***** EXERCISE MATERIALS *****

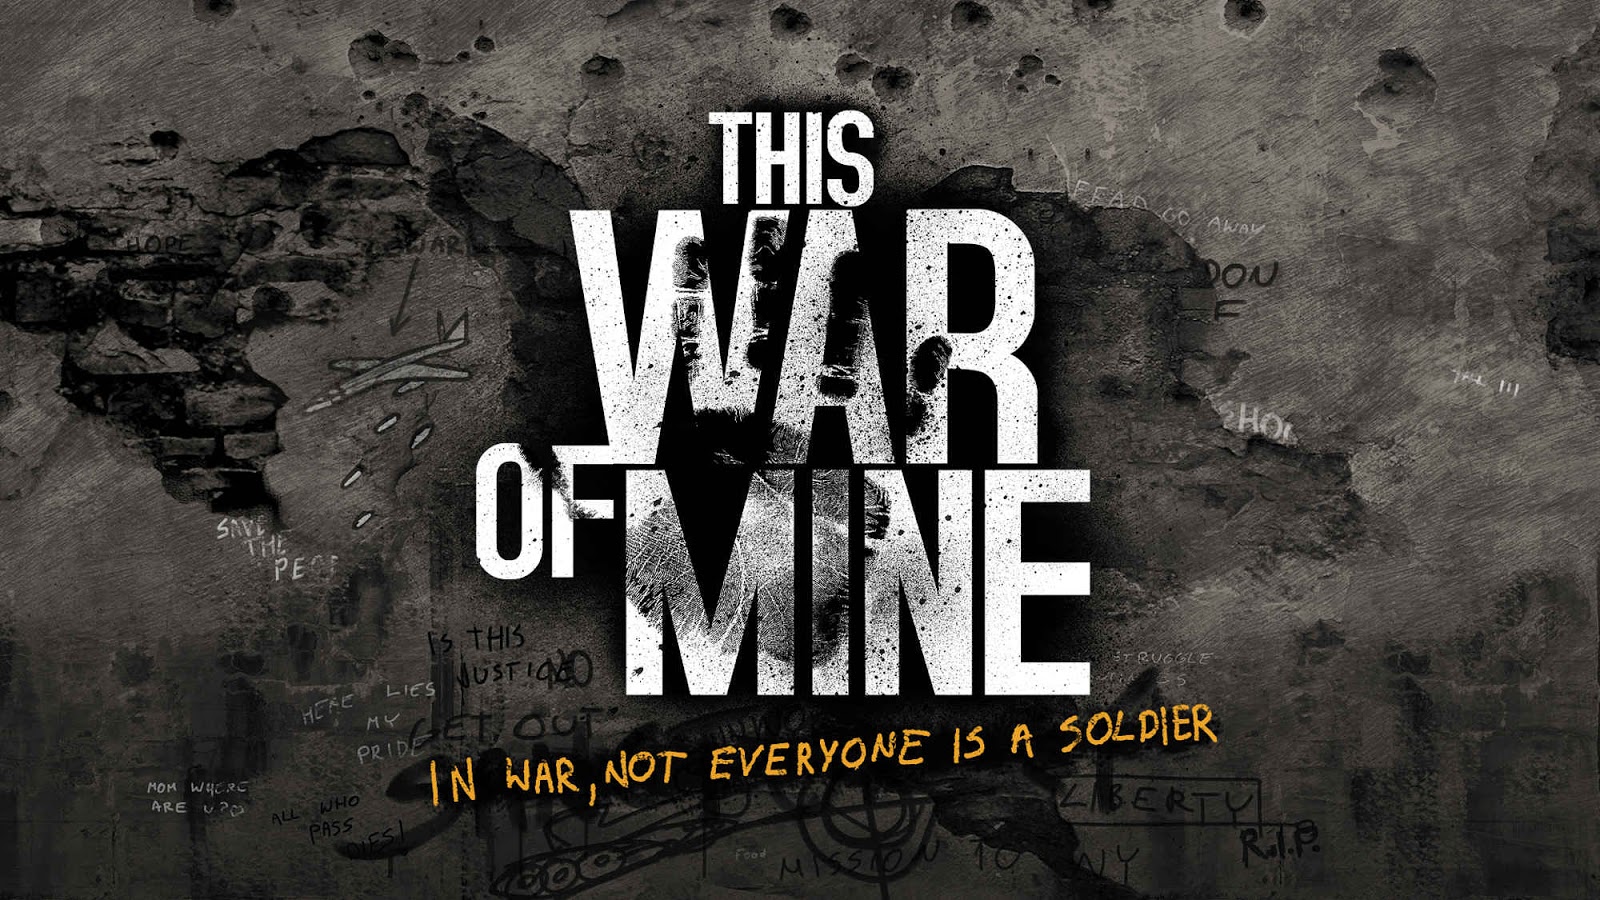 This War of Mine v1.4.3 Mod Apk Data Unlocked DLCs For Android
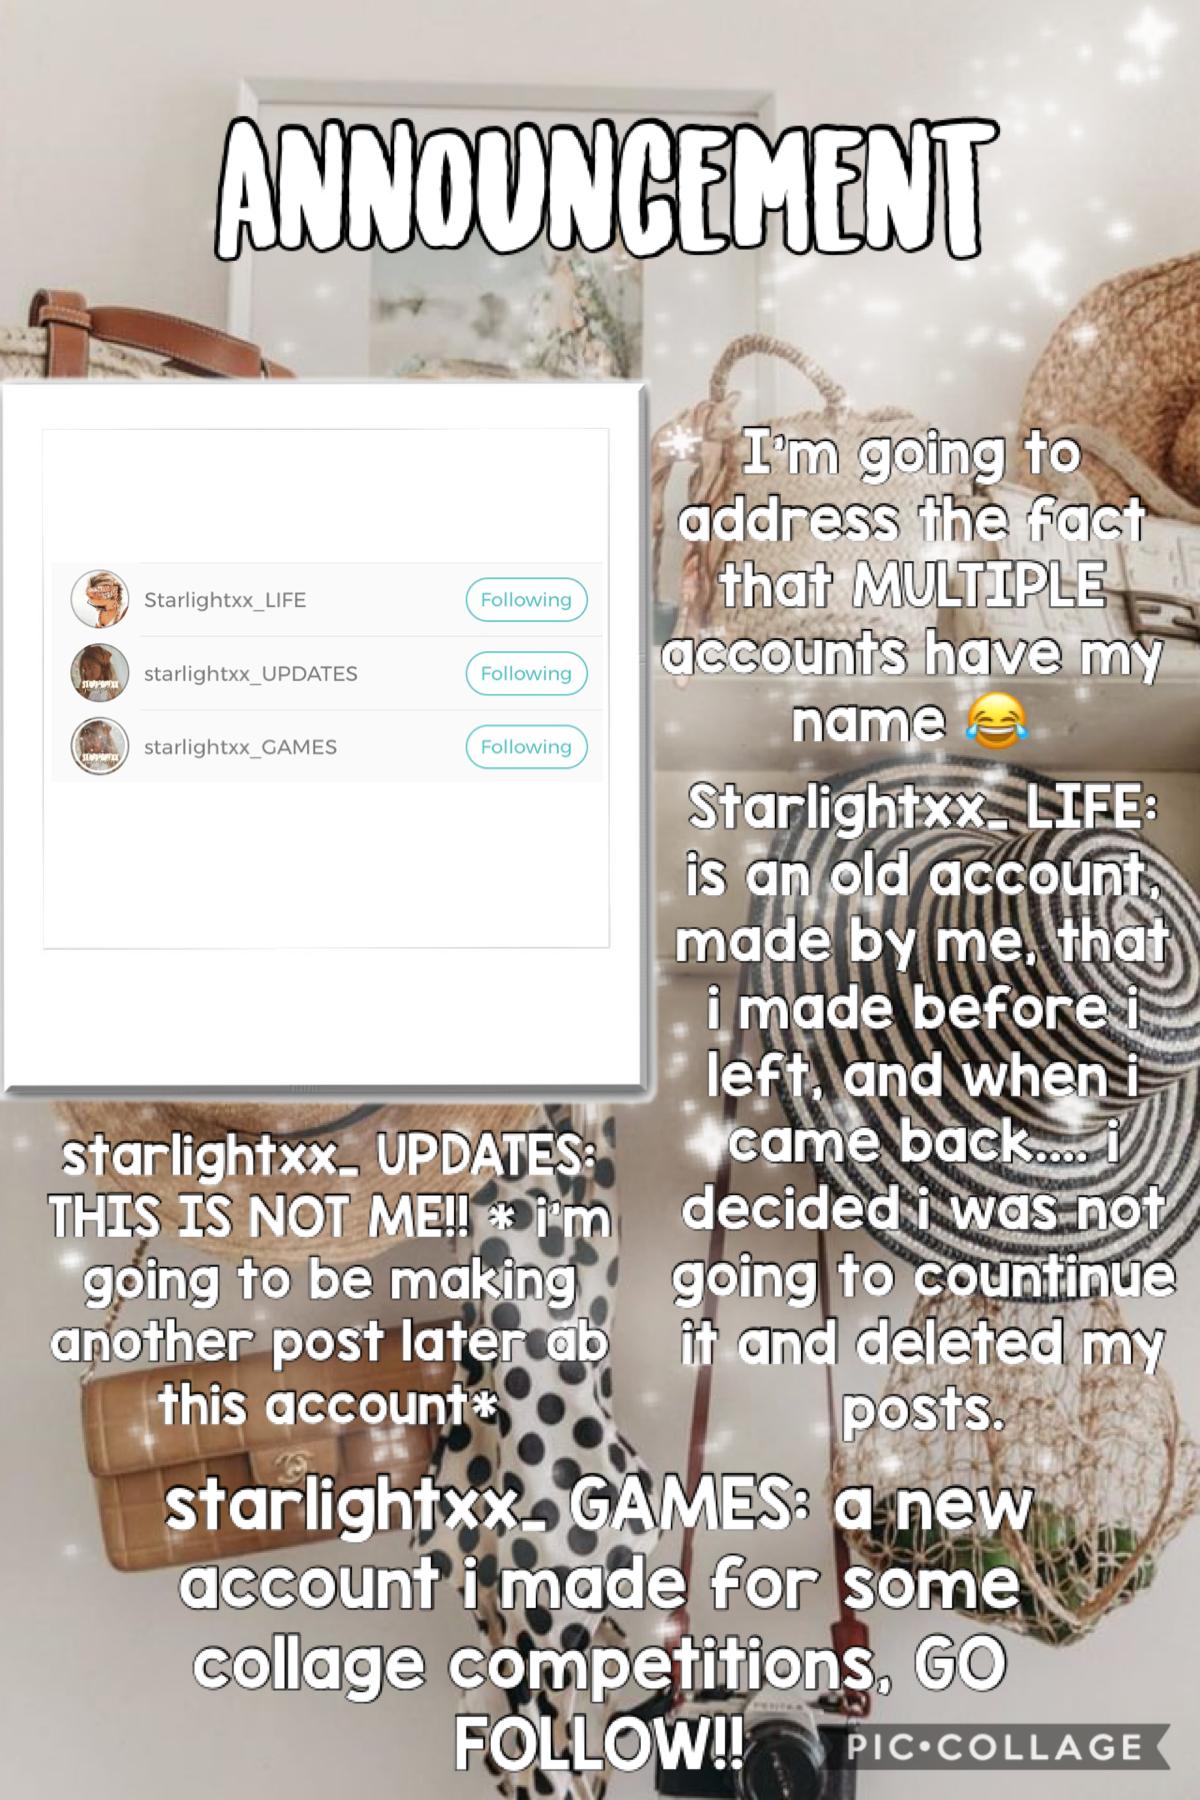 TAP

~recap~
starlightxx_ LIFE: old account i made, it’s not active but you can follow if you want!

starlightxx_UPDATES: this is not me, i’m going to make another post about this person later probably.

starlightxx_ GAMES: i made this for some collage co

*****

Print each record exactly as it stands, leaving the images out.

 This War of Mine v1.4.3 Mod Apk Data Unlocked DLCs For Android
 TAP

~recap~
starlightxx_ LIFE: old account i made, it’s not active but you can follow if you want!

starlightxx_UPDATES: this is not me, i’m going to make another post about this person later probably.

starlightxx_ GAMES: i made this for some collage co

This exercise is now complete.